■ Work item
The answer is the exact run of lines in the listing below from the line containing "19th Century Antique" up to and including the line containing "IP CLOUD Kamera DRH-CL1", with pictures removed.

■ Data records
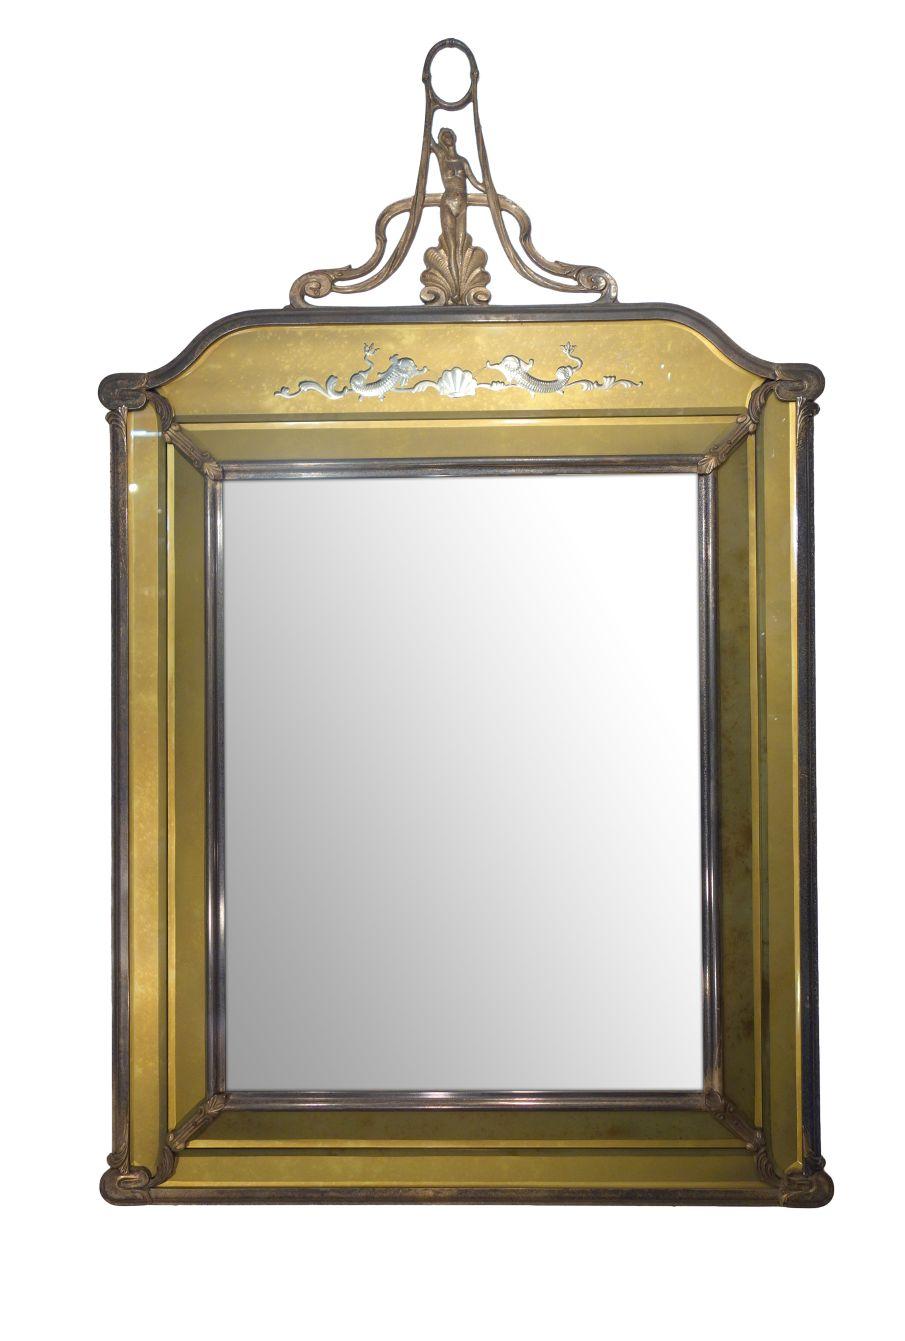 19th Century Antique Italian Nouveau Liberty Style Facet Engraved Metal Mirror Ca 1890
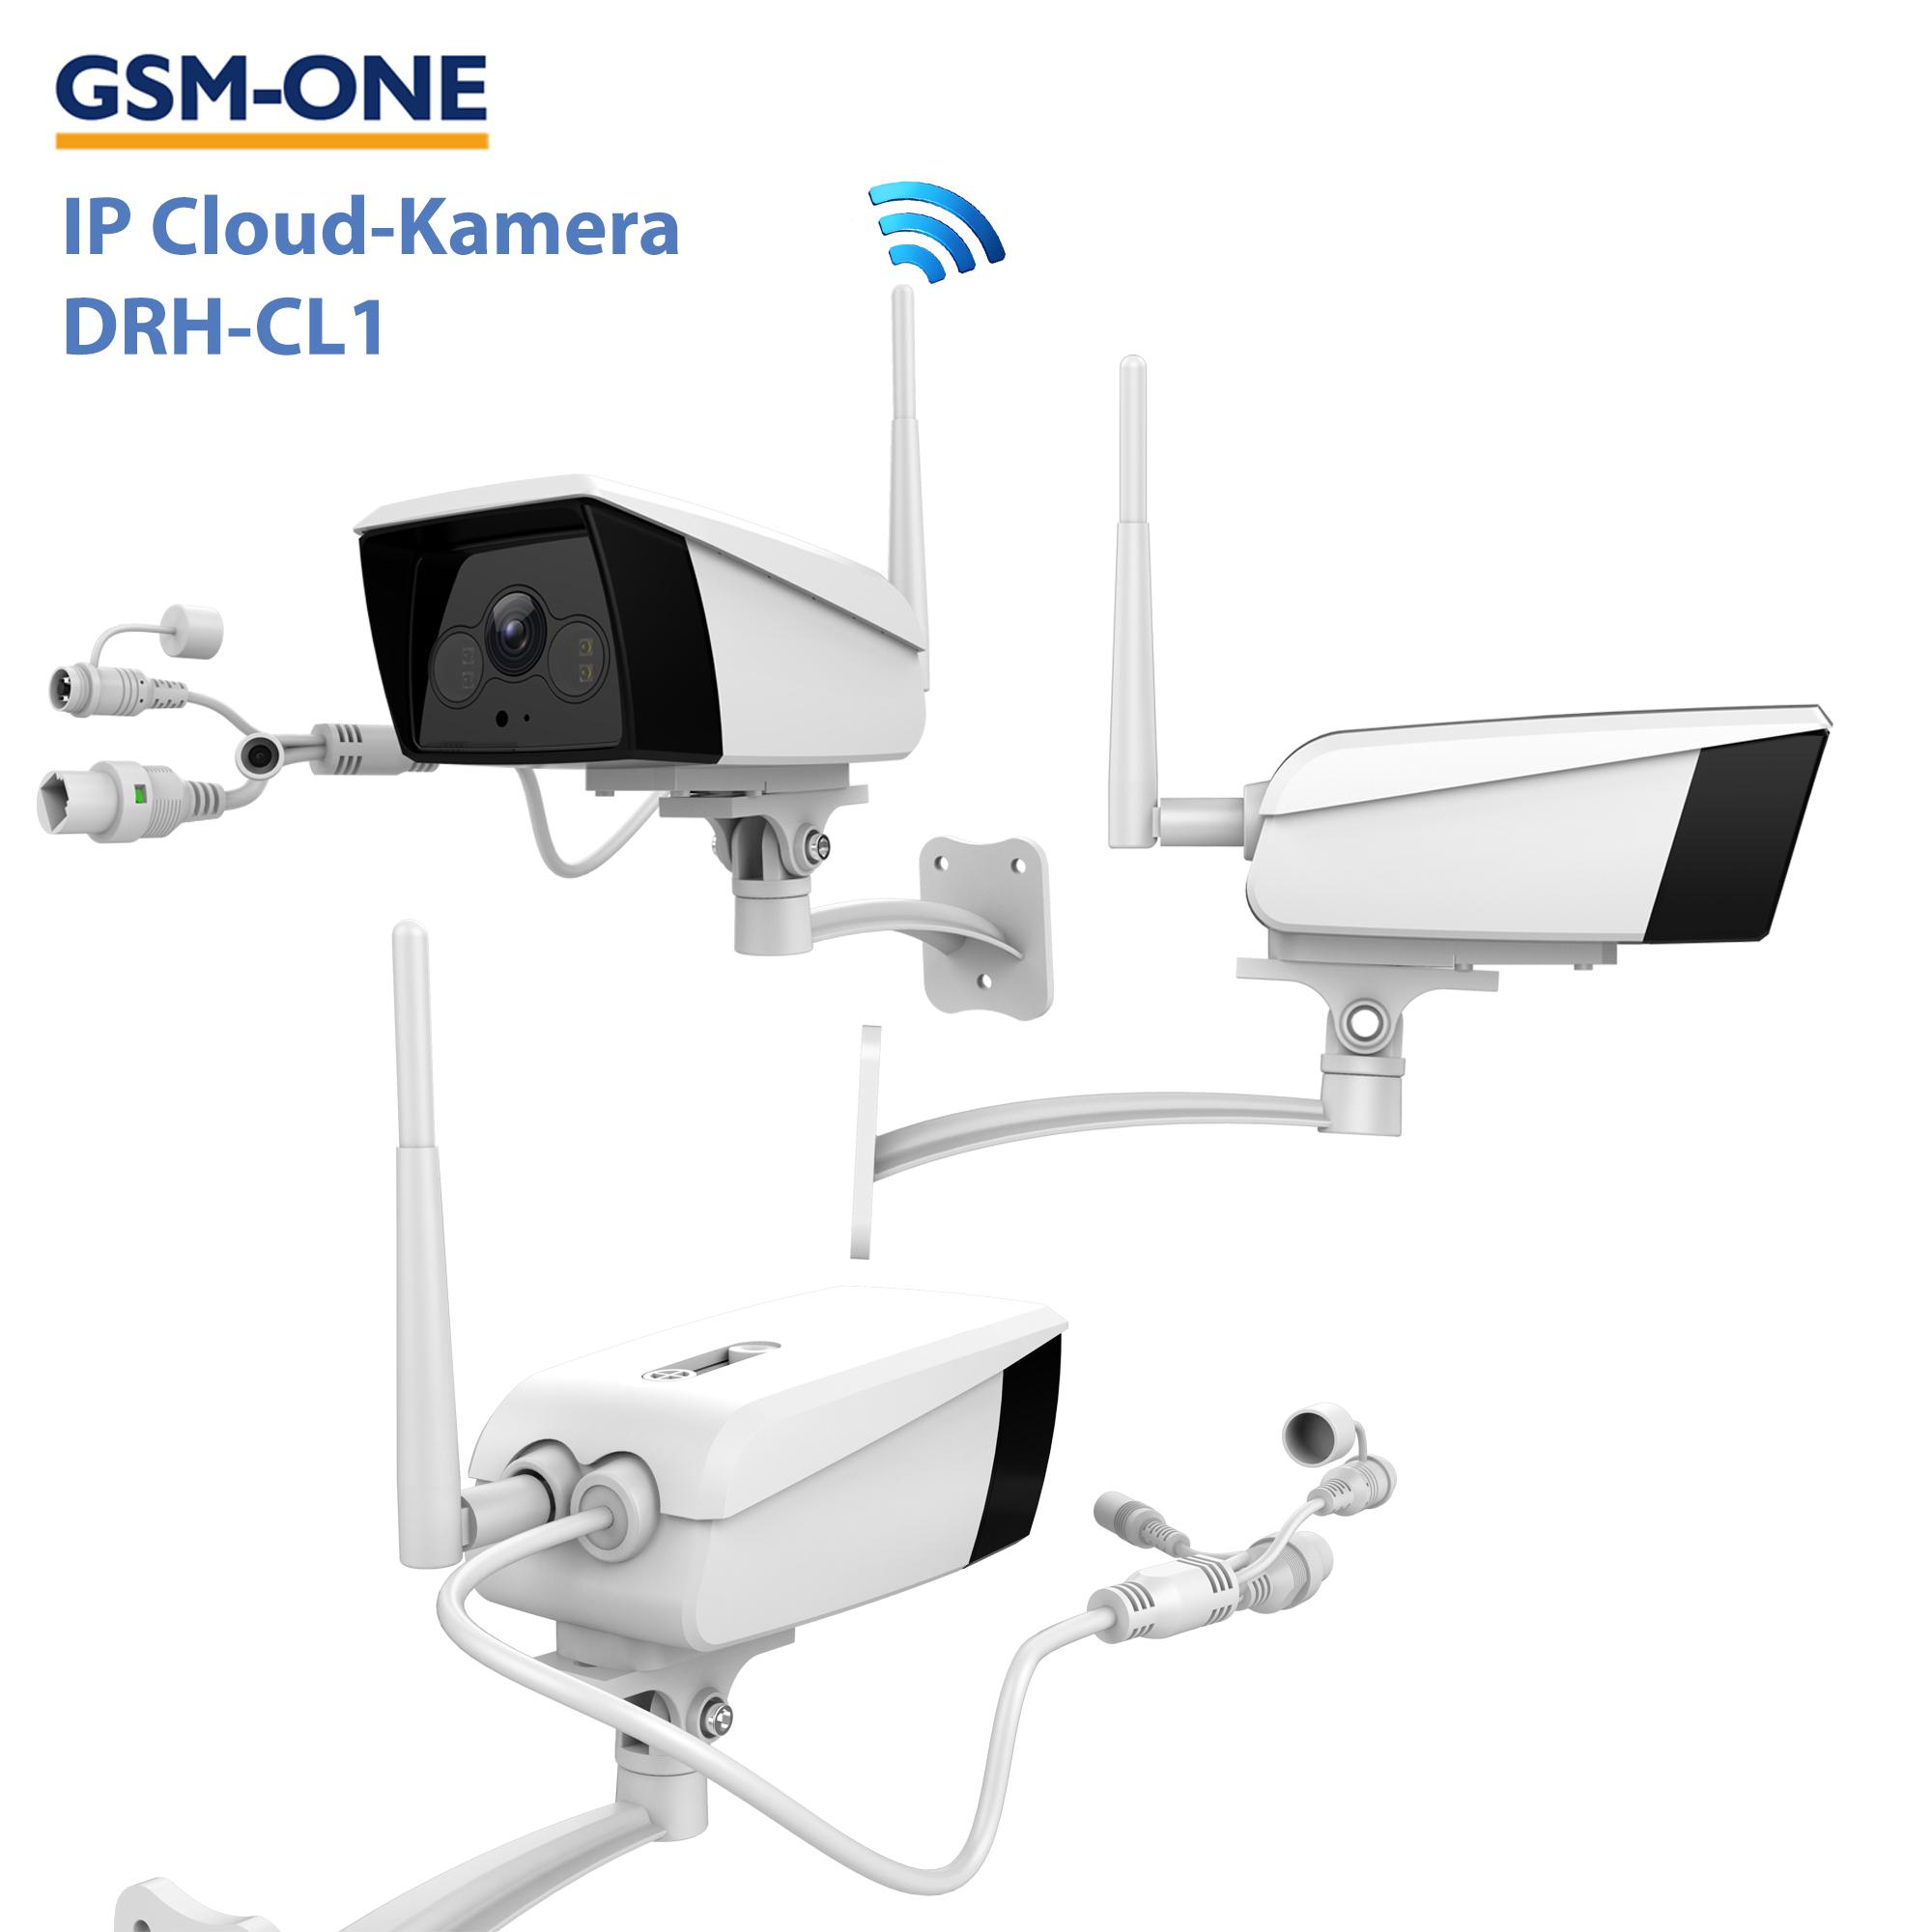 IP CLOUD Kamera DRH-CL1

...

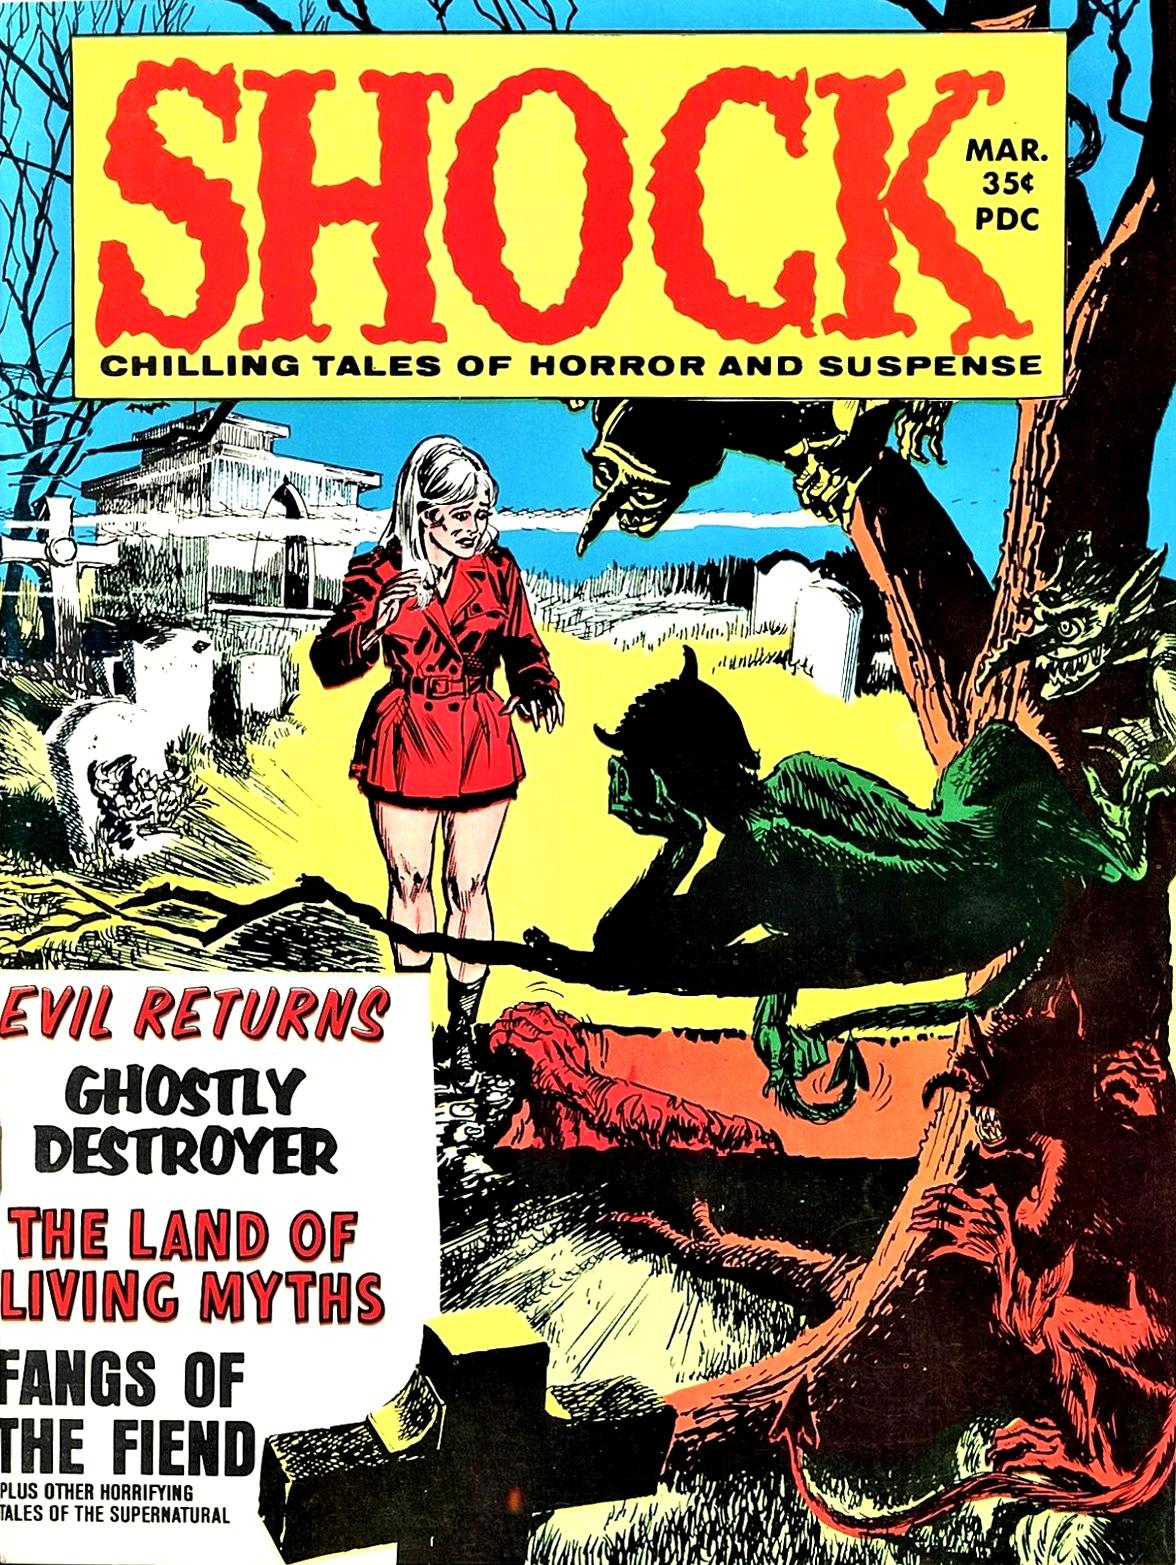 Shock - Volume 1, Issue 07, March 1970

■ Result of this task
 19th Century Antique Italian Nouveau Liberty Style Facet Engraved Metal Mirror Ca 1890
 IP CLOUD Kamera DRH-CL1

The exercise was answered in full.